In un recente studio osservazionale sono stati valutati 1700 monitoraggi di vancomicina effettuati in pazienti critici trattati con somministrazione intermittente (2-4 dosi/die) o infusione continua125. L’esposizione farmacodinamicamente ottimale per vancomicina è pari a 8- 10 mg/l. Al primo monitoraggio, effettuato 2,3 giorni dopo l’inizio del trattamento mentre il 45% dei pazienti trattati con le dosi intermittenti aveva una concentrazione subterapeutica, ciò accadeva solo nel 7,5% dei pazienti trattati con infusione continua, a testimonianza del fatto che quest’ultima modalità di somministrazione consente di ottenere una esposizione migliore.

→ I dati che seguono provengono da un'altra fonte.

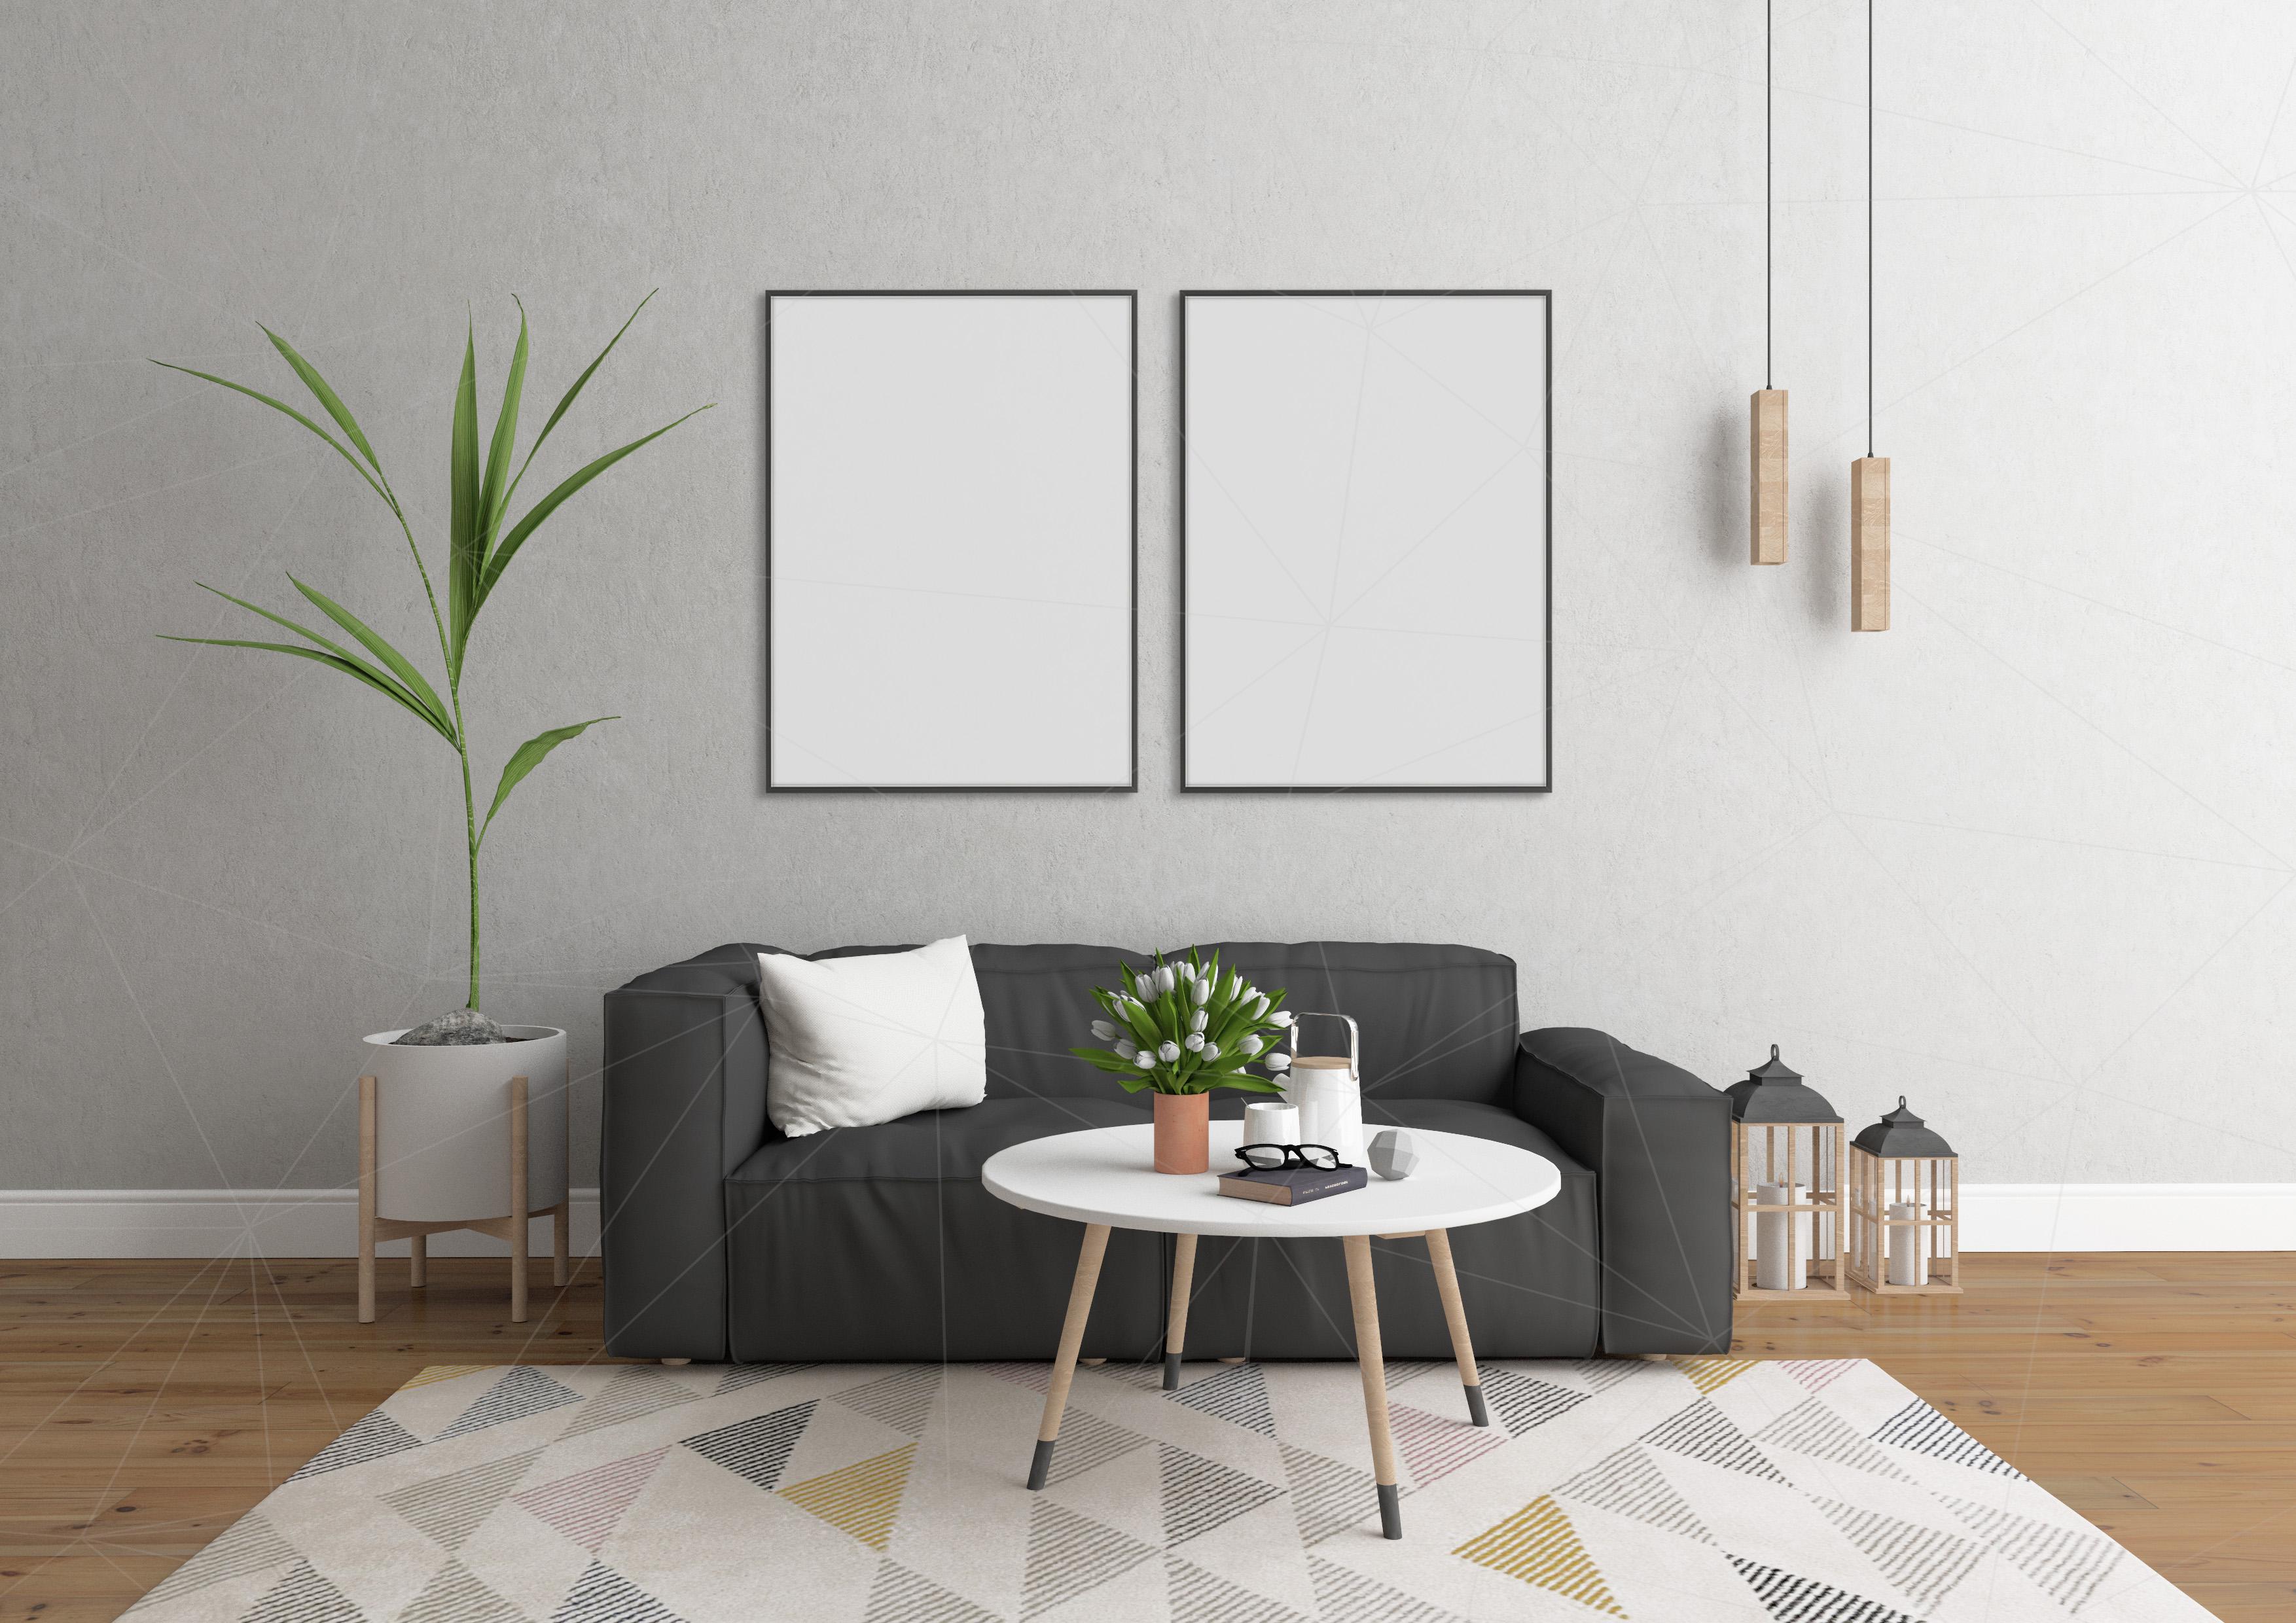 Interior mockup bundle - blank wall mock up
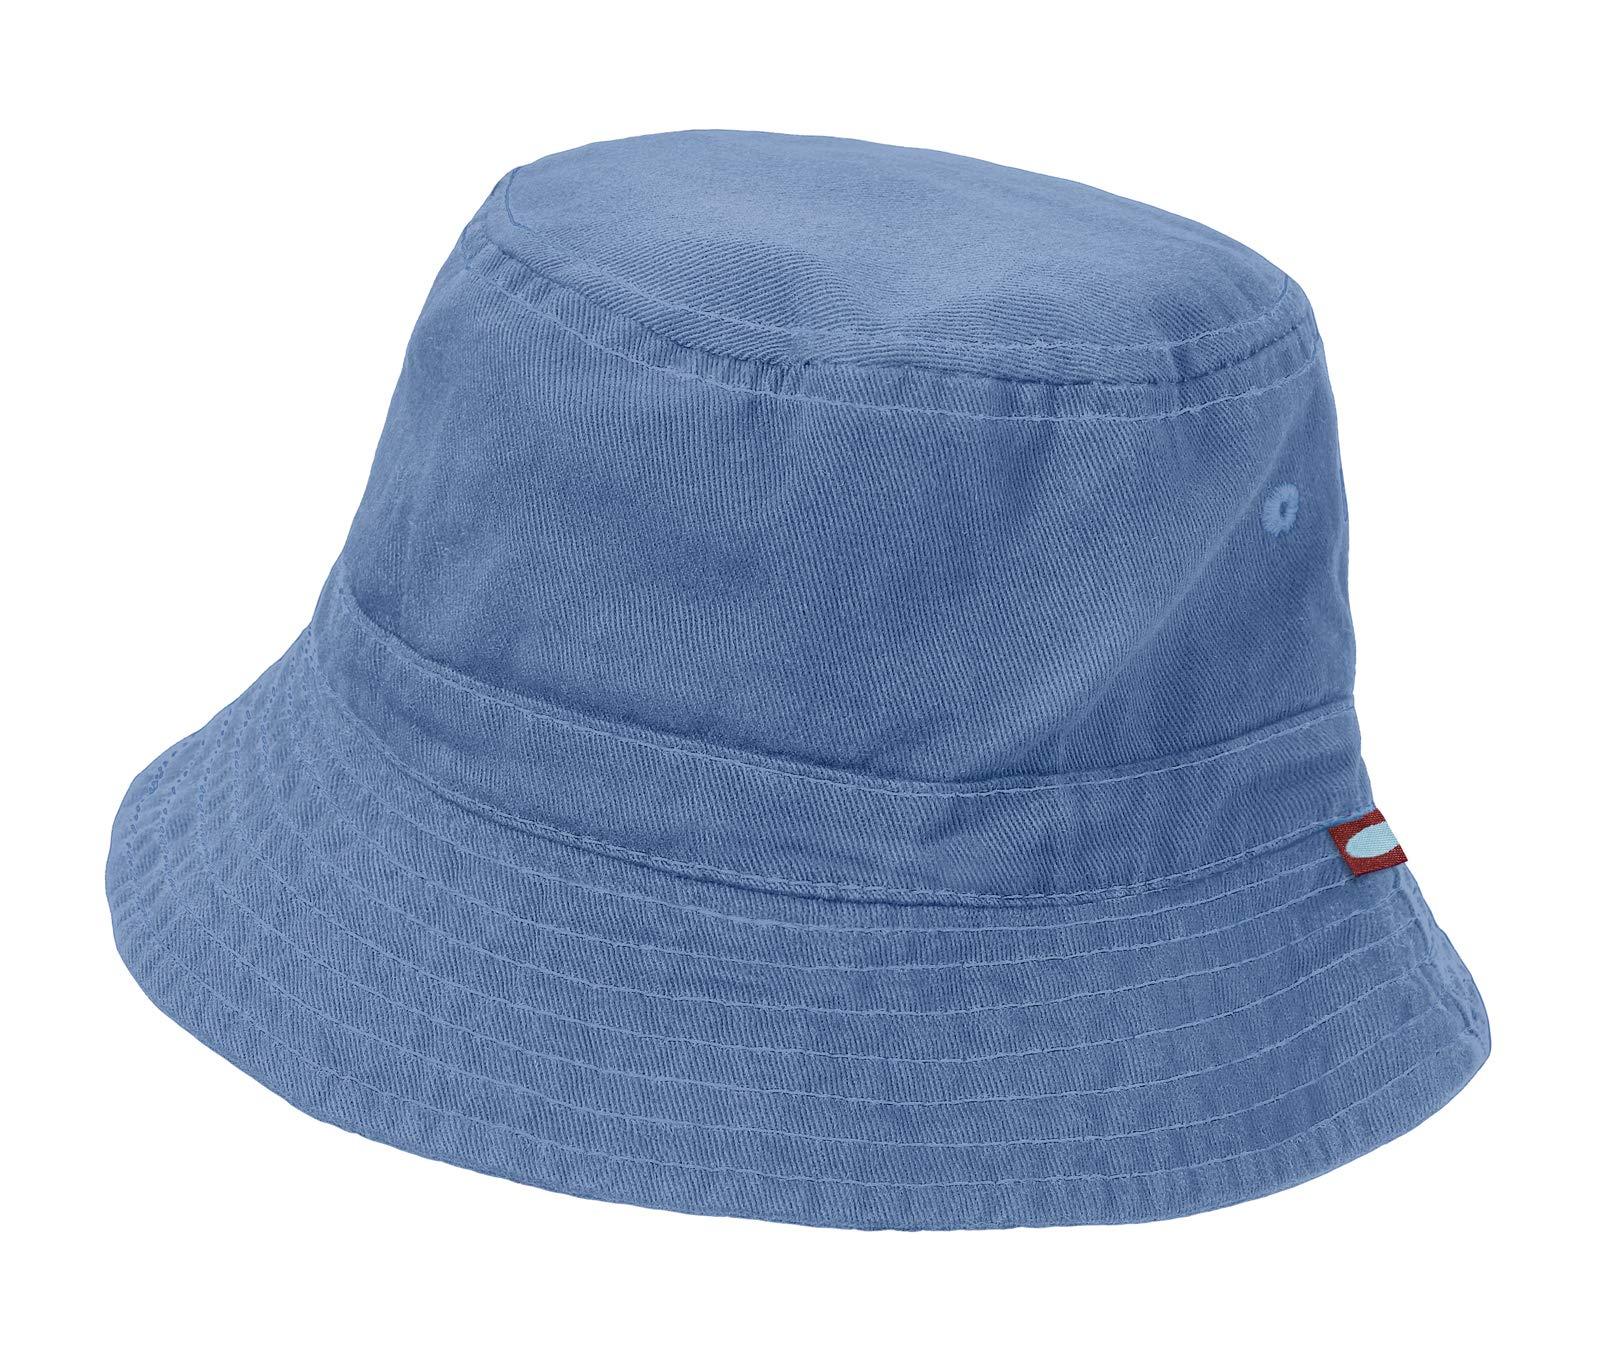 City Threads Unisex Baby Solid Wharf Hat Bucket Hat for Sun Protection SPF Beach Summer - Denim Blue - M(6-18M)

Per una completa ottimizzazione di un trattamento antibiotico infine non si può prescindere dal considerare quelli che sono i parametri farmacocinetici e farmacodinamici propri di ciascun paziente, specialmente se critico. La tendenza moderna è quella dell’approccio multidisciplinare, il coinvolgimento di più figure specialistiche sembra essere infatti indispensabile per il raggiungimento della “terapia ideale”, cioè una terapia modulata sulla base delle caratteristiche specifiche della malattia e della fisiopatologia del singolo individuo126; può esserci infatti ampia variabilità dei parametri farmacocinetici e farmacodinamici sia entro lo stesso paziente, sia tra pazienti diversi che tra i diversi farmaci.

La compresenza del farmacologo clinico è indispensabile per individualizzare la terapia antibiotica ma particolarmente importante in ambito critico, la popolazione ricoverata nelle unità di terapia intesiva infatti può essere colpita da infezioni batteriche pericolose per la vita, e dal punto di vista fisiopatologico spesso presenta ampia variabilità interindividuale dovuta sia alla patologia di base che alla somministrazione di farmaci, si pensi ad esempio alle variazioni della clearance renale e al cospicuo carico di fluidi.